The Company is subject to potential liabilities generally incidental to our business arising out of present and future lawsuits and claims related to product liability, personal injury, contract, commercial, intellectual property, tax, employment, compliance and other matters that arise in the ordinary course of business. The Company accrues for potential liabilities when it is probable that future costs (including legal fees and expenses) will be incurred and such costs can be reasonably estimated. At December 31, 2019 and December 31, 2018, there were no contingent liabilities with respect to any litigation, arbitration or administrative or other proceeding that are reasonably likely to have a material adverse effect on the Company’s consolidated financial position, results of operations, cash flows or liquidity.  

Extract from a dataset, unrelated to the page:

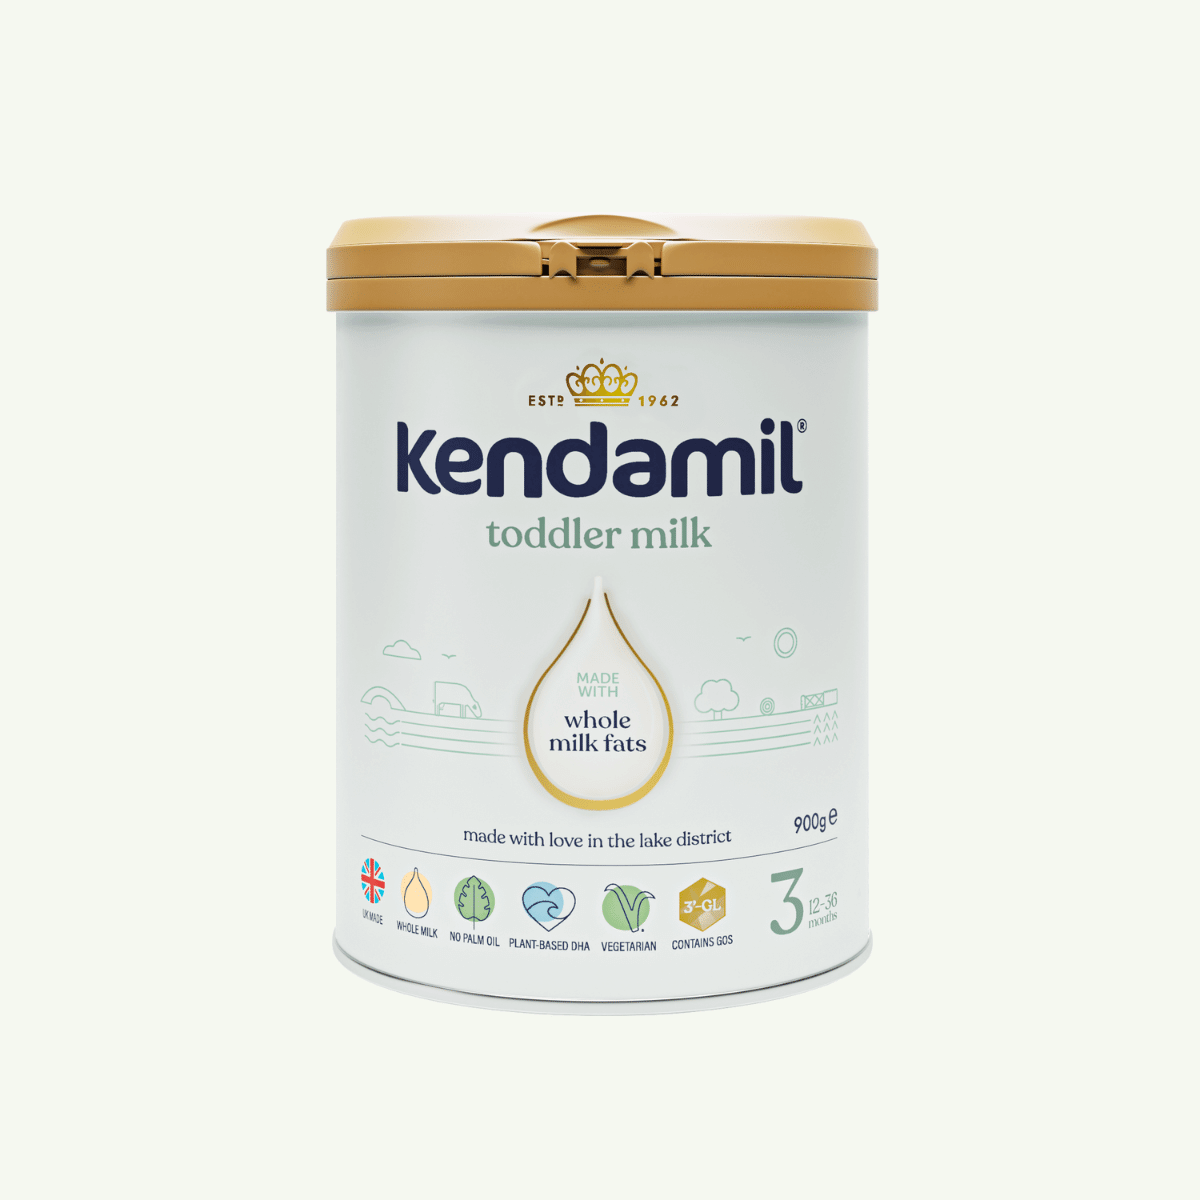 The classic toddler milk specifically for 12 month old babies by Kendamil.

Note 3: Subsidiary Bankruptcy and Deconsolidation briefly describes the Chapter 11 bankruptcy case which our subsidiary Specialty Pharma commenced on February 6, 2019, and which on April 26, 2019 resulted in the bankruptcy court-approved sale of all of Specialty Pharma’s intangible assets and inventory to an unaffiliated third party. As a result of such sale, Specialty Pharma has completed its divestment of the assets of the Noctiva business. During the pendency of the bankruptcy case, all pending litigation against Specialty Pharma is automatically stayed and any new litigation against Specialty Pharma is precluded unless the bankruptcy court orders otherwise. Below are descriptions of a litigation to which Specialty Pharma is a party and a contract dispute involving Specialty Pharma, both of which matters are subject to the automatic stay during the bankruptcy case.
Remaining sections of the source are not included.